Studio album by Duncan Chisholm and Ivan Drever
- Released: 1998 (original release) 1 January 2008 (reissue)
- Recorded: 1998
- Genre: Celtic fusion
- Label: Iona Records

Duncan Chisholm and Ivan Drever chronology
| Pick of the Litter (1997) | The Lewis Blue (1998) | A Lonely December Night (2007) |

= The Lewis Blue =

The Lewis Blue is an album by Scottish Celtic musicians Ivan Drever and Duncan Chisholm, released in 1998. At the time, both musicians were members of Wolfstone (though Drever left shortly after the album's release).
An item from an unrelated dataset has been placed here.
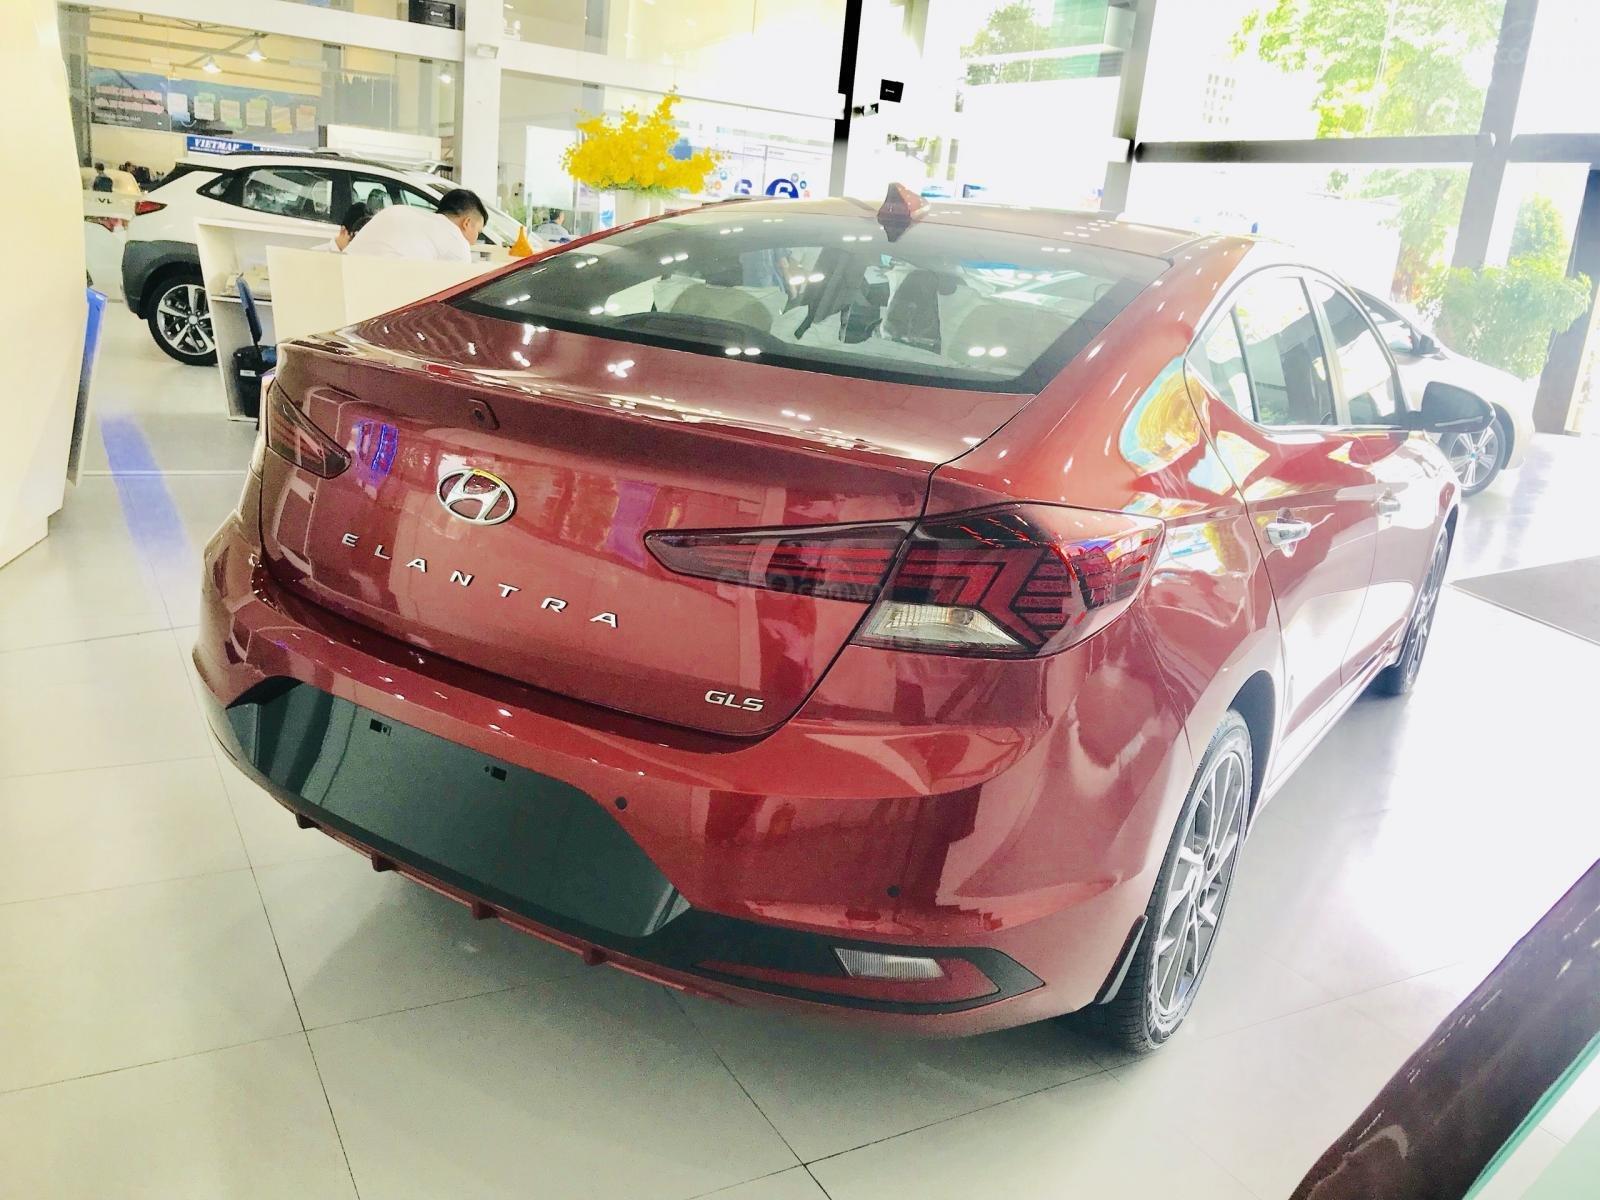 Giao xe ngay chỉ 150 triệu, lợi xăng số 1, khuyến mãi khủng, hotline: 0974064605 (4)

The album was released around the same time as the controversial album This Strange Place, which had initially been released as a side project by Wolfstone vocalist Ivan Drever and bass player Wayne Mackenzie but was subsequently re-released in identical form as a Wolfstone album. At the time, many fans noted that The Lewis Blue was "the Wolfstone album of 1998, not This Strange Place".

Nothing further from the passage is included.